Emma esperava, com os cotovelos apoiados nas coxas, no mesmo sofá onde adormecera em meu colo. Sua expressão era indecifrável: uma mistura de derrota, medo e exaustão. E eu não estava nem um pouquinho diferente.
— Olá. — Caminhei até ela, oferecendo-lhe um sorriso fraco. Sem pedir permissão, sentei-me ao seu lado e passei meu braço por cima de seus ombros e a abracei. Naquele momento, era a maneira mais singela de dizer ‘Você não devia se apaixonar por mim.’ Não fazia sentido, mas esse conceito fora abolido há muito tempo quando se tratava de mim e Emma Swan.
— Oi, Gina. Como foi lá dentro? Vocês se mataram? — Ela se aconchegou em meu abraço e o calor que emanava seu corpo era como um spa afrodisíaco. Assim que nossos olhos se encontraram, eu tentava encontrar algo de diferente em seu jeito de me olhar. Procurei e procurei por qualquer vestígio de paixão, por qualquer brilho a mais, mas não encontrei nada. Lily era, sim, a pior das pessoas por mentir para mim daquele jeito.
— Quase. Mas está tudo bem. Nós conversamos e eu comecei a conhecer um pouco do que se esconde por trás da misteriosa namorada de Emma Swan. — Falei num tom divertido, embora essa resposta também fosse uma tentativa de arrancar alguma reação diferente. Nada. Em vez de um olhar diferente, ou até mesmo um desvio de olhar, ouvi risadas.
— Lily não é uma pessoa ruim, afinal de contas. Ela só é um pouco difícil de lidar. Sabe, uma coisa que eu realmente admiro nela é sua verdade. A única vez que Lily omitiu algo de mim foi quando ela teve um caso de uma noite com um advogado de seu escritório. Mas ela nunca mentiu. — Enquanto Emma falava sobre sua namorada, eu continuei procurando aquele brilho que Hollywood nos disse que existe. E não havia, também.

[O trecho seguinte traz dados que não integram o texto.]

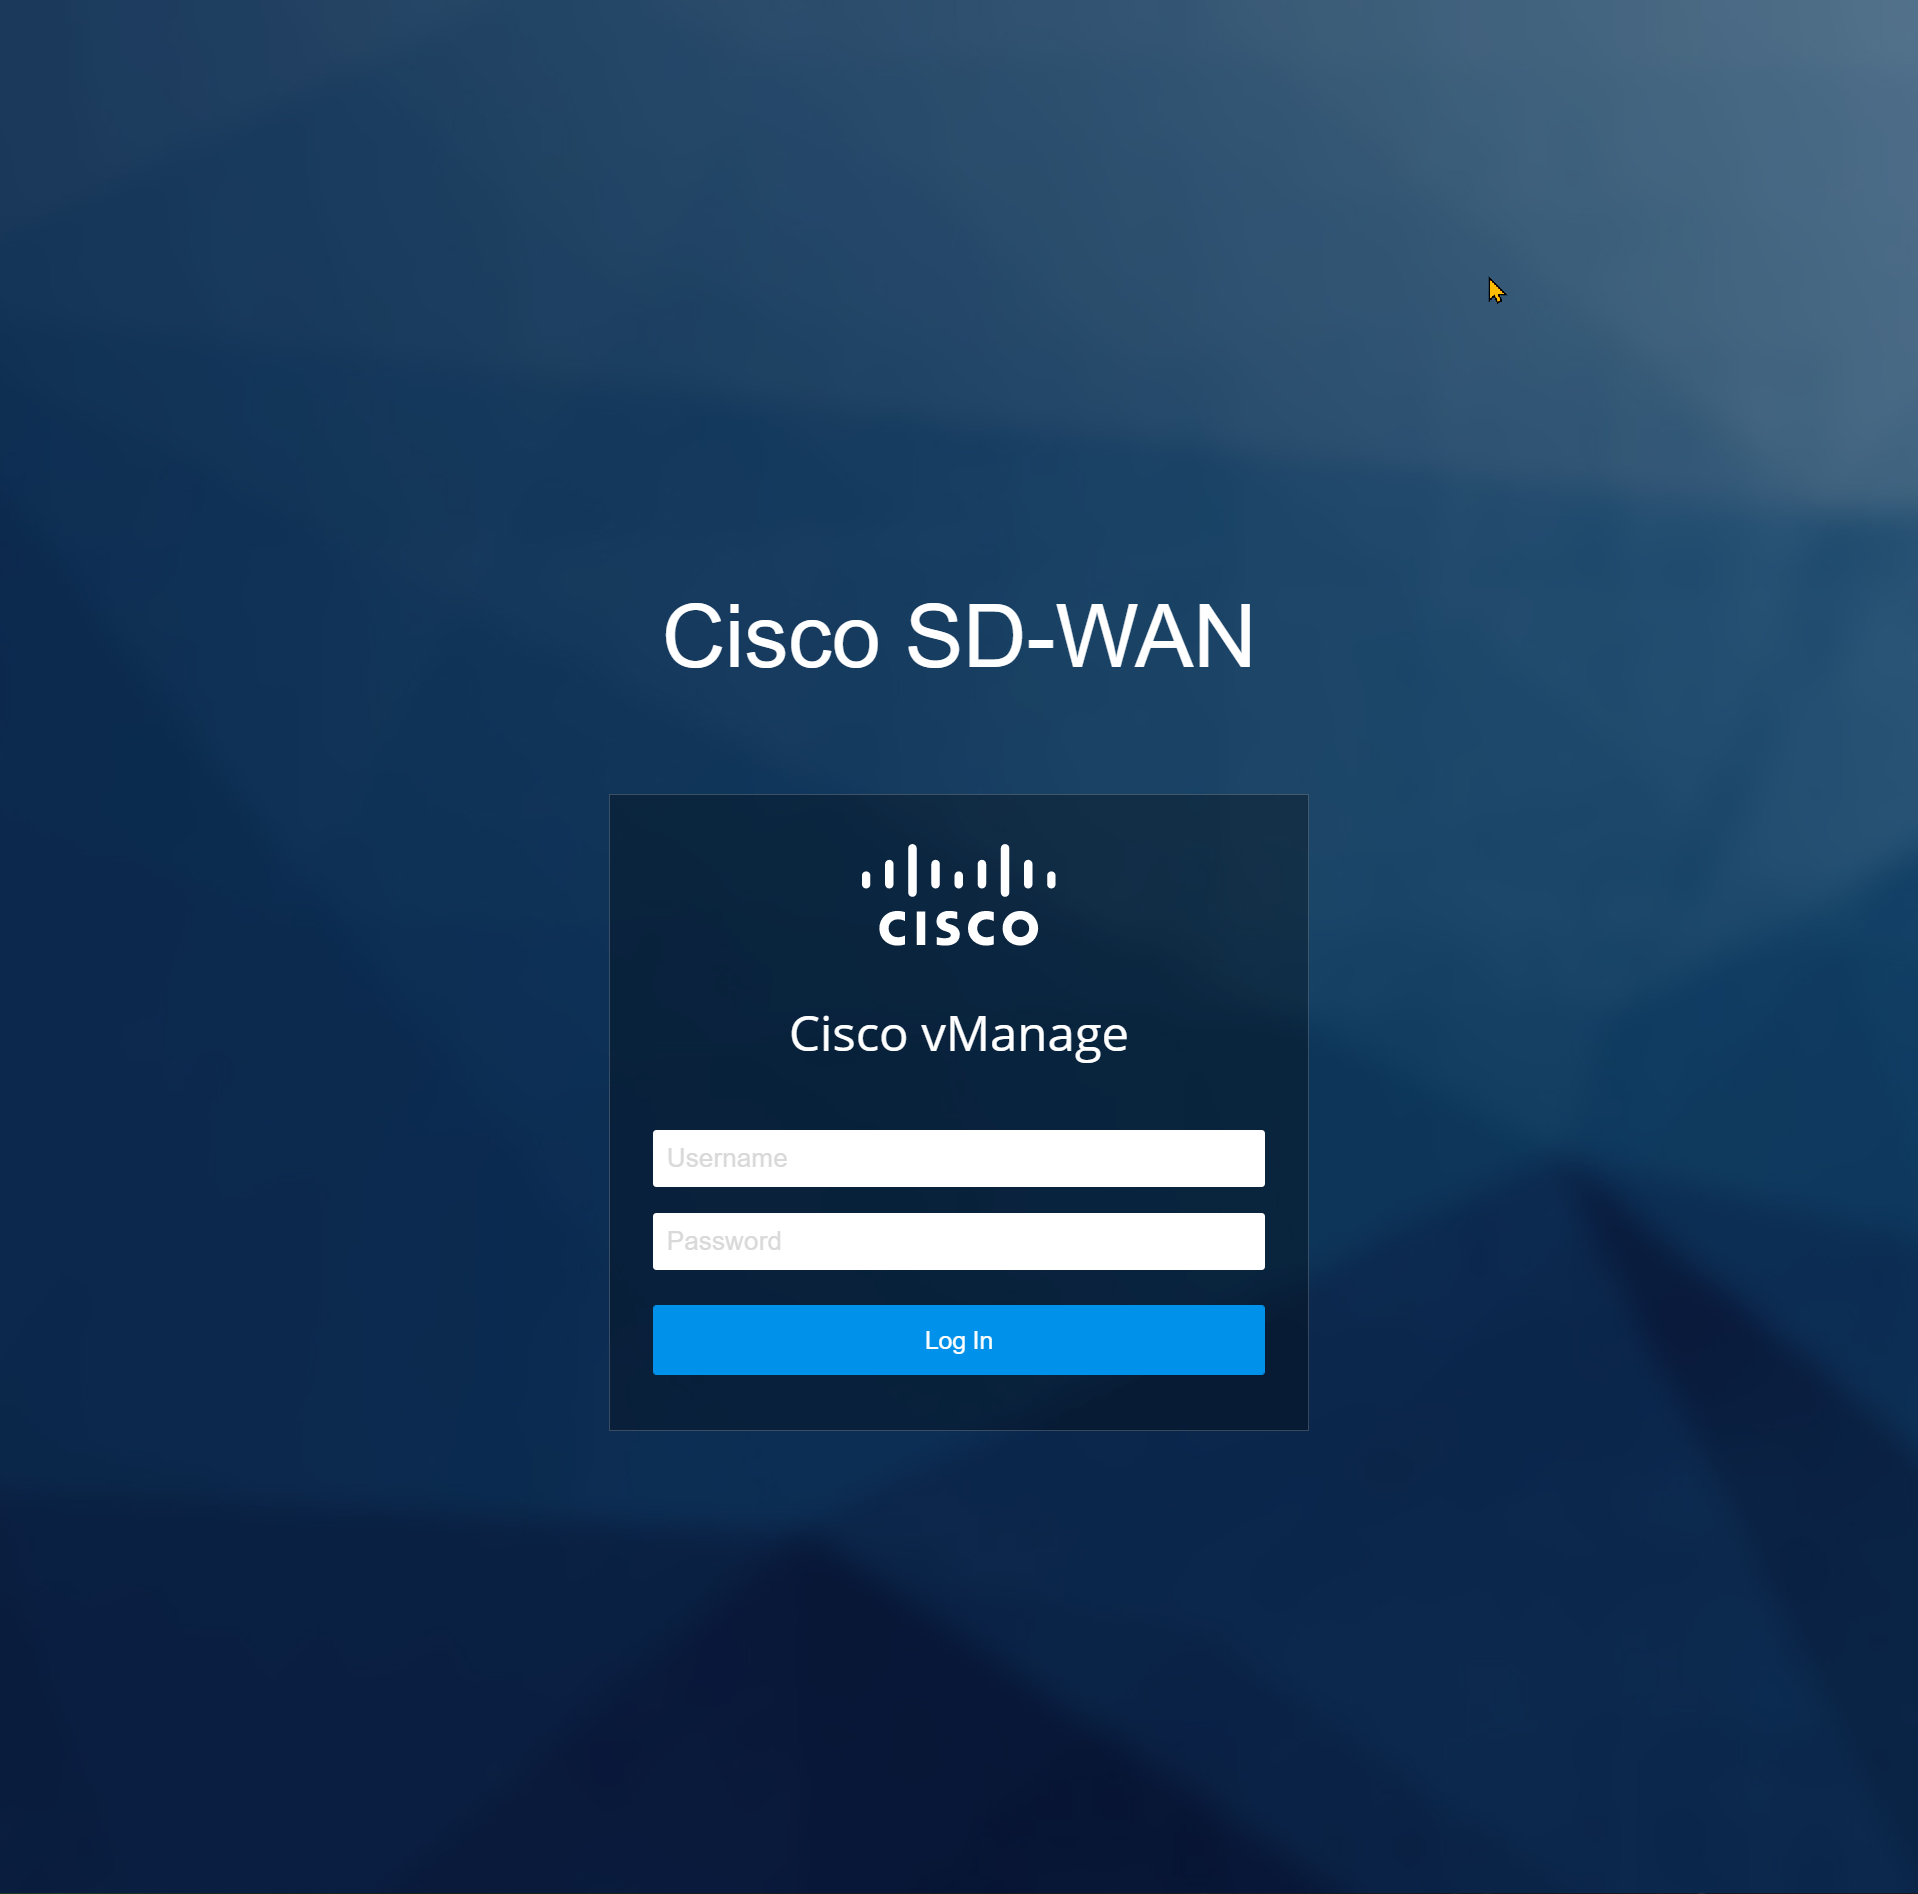 cisco-sd-wan-viptela-vmanage-login-screen

Lily não mentia. Então toda aquela história era verdade. Então Emma Swan estava realmente apaixonada por mim. Mas eu só me convenceria se as palavras saíssem da boca de Emma. Eu era uma Mills, porra.
— Isso é bom, eu acho. — Minha voz era suave. — Emma, Lily pediu que eu te chamasse. Vocês precisam conversar. — En segundos, minha voz era séria e direta.
— Conversar? Sobre o quê?
— Apenas vá lá. — Dei tapinhas nas costas de sua mão e beijei sua bochecha. Levantei-me sem tirar meus olhos dos dela. — Eu já vou indo, está bem? Se precisar de mim, é só gritar. — Antes que houvesse chance de resposta, ofereci-lhe uma piscadela e virei as costas, refazendo o caminho por aqueles corredores, dessa vez sem pressa, pois sabia que Emma estava sã e salva.

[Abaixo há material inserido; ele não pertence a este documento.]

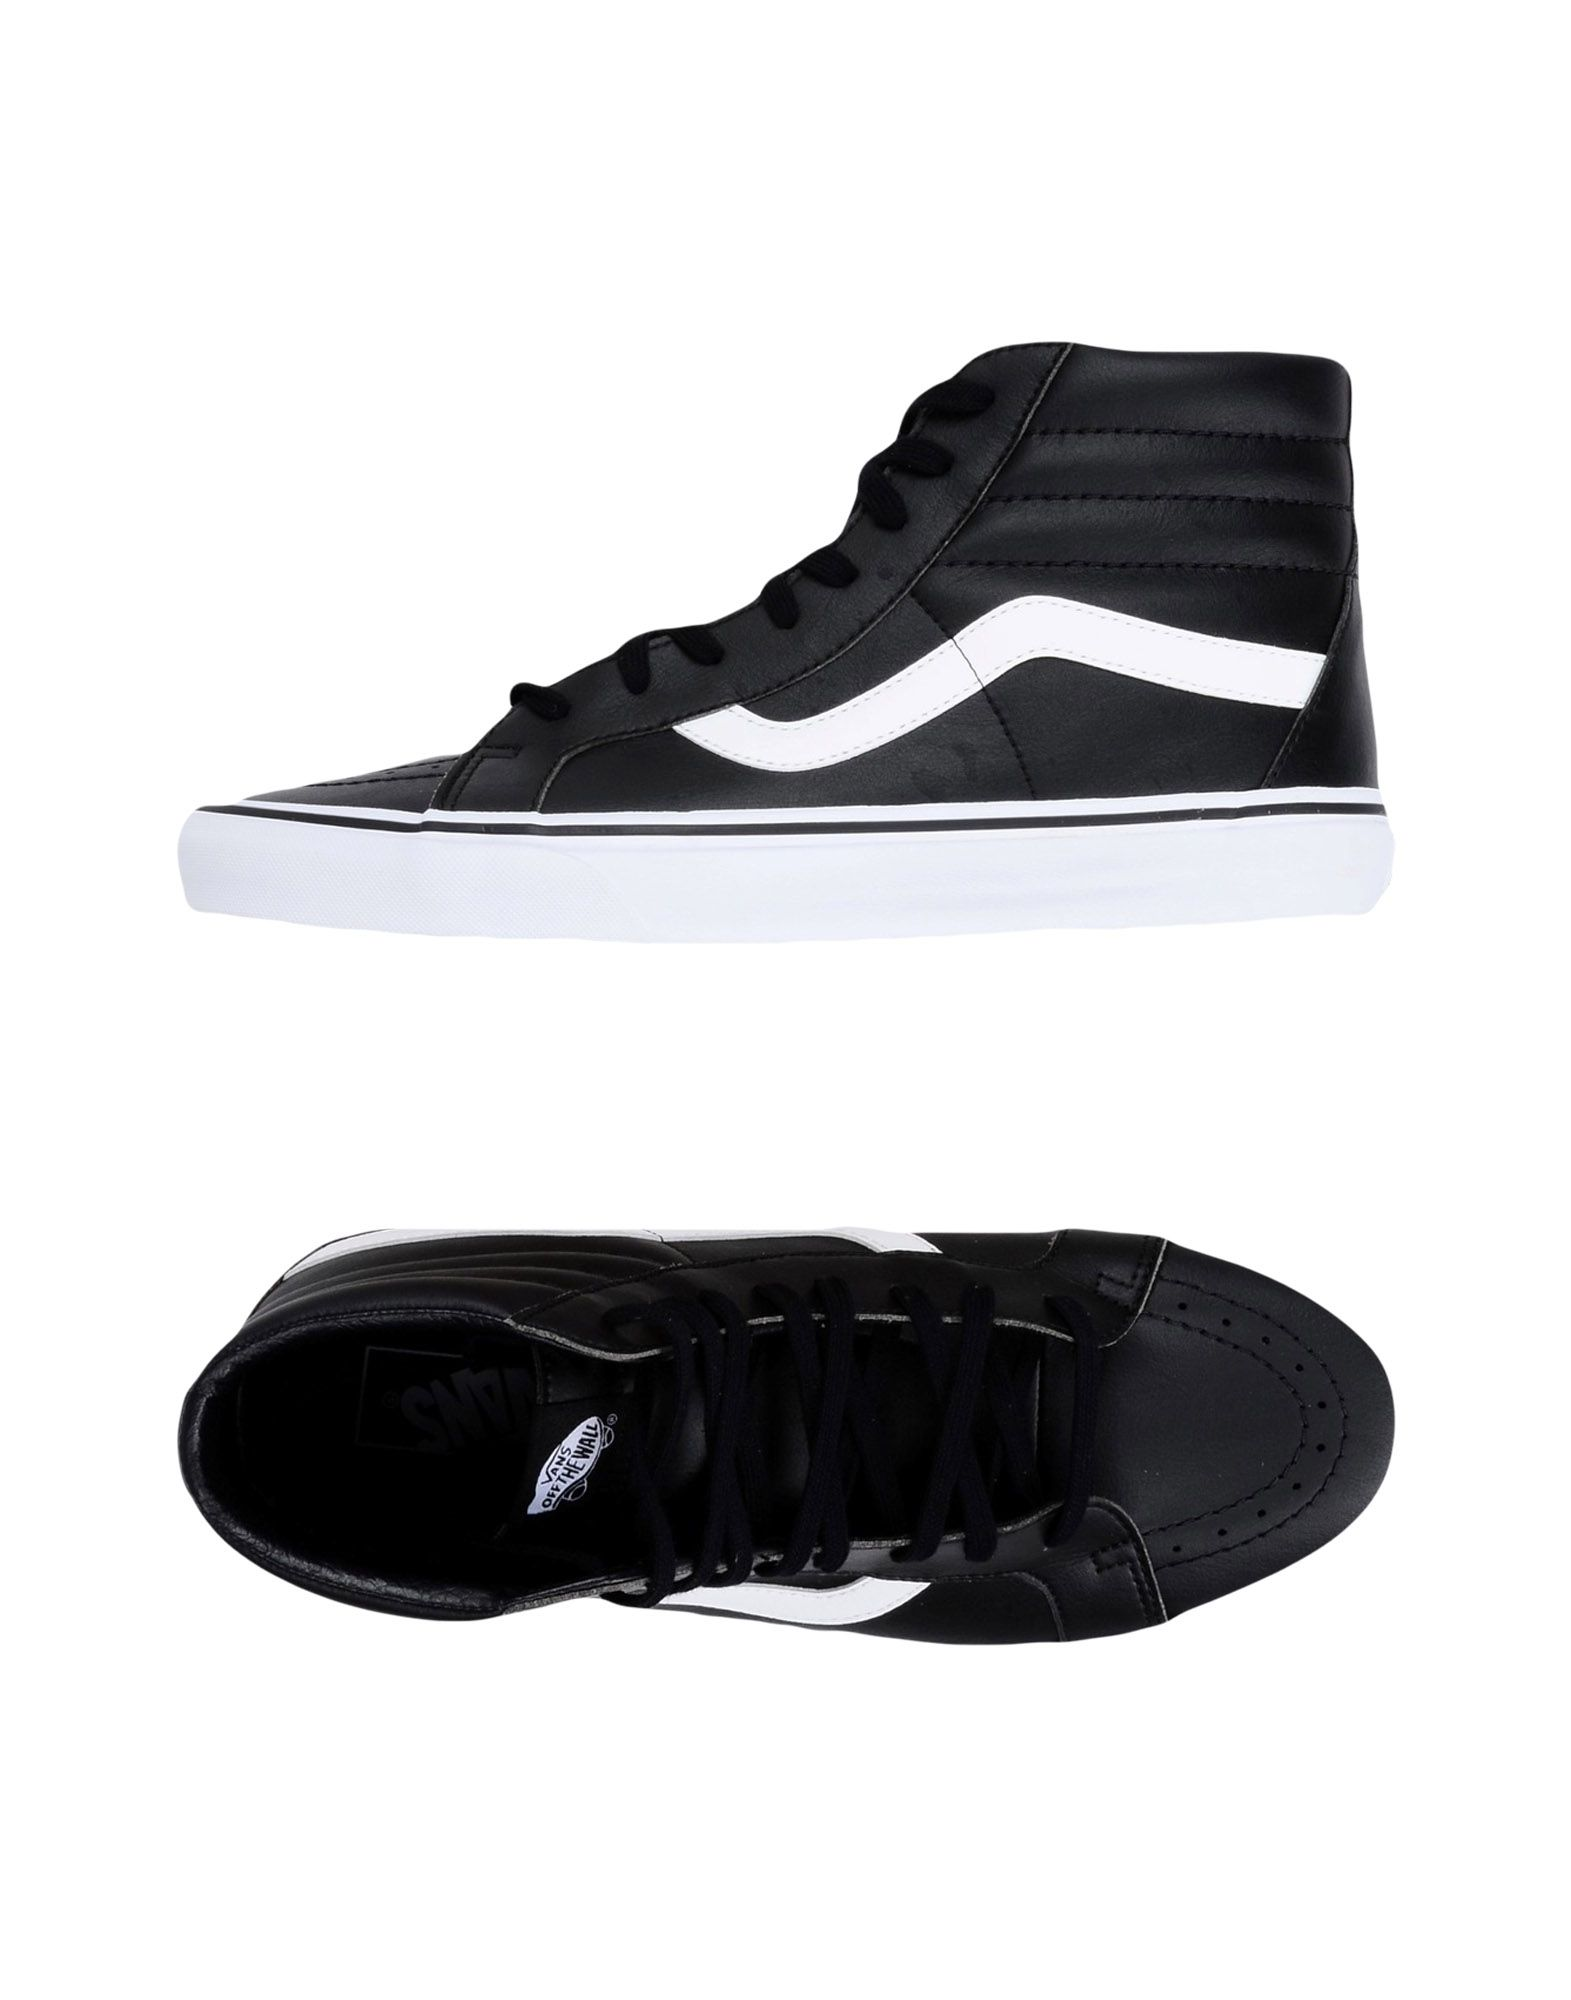 VANS Высокие кеды и кроссовки кеды кроссовки высокие женские dc evan txse blue brown white

Dirigi até minha casa reencenando aquele dia que durou meses em minha cabeça. Ora eu ria, ora quase chorava. Seja lá como esse dia fosse terminar para Lily, eu sabia que Emma ainda seria minha, na medida certa.
Abri a porta com cautela e andei na ponta dos pés até o andar de cima, a fim de manter todos adormecidos. Olhei o visor do celular e este me dizia que eram três e quize da manhã. Bom dia, Regina. Sussurrei. Girei a maçaneta da porta lentamente, evitando fazer qualquer barulho. Ao passar por ela, eu fui arrastada pelos braços até a cama, onde fui selvagemente arremessada. Não era um fantasma. Não era um demônio. Era Robin, meu marido.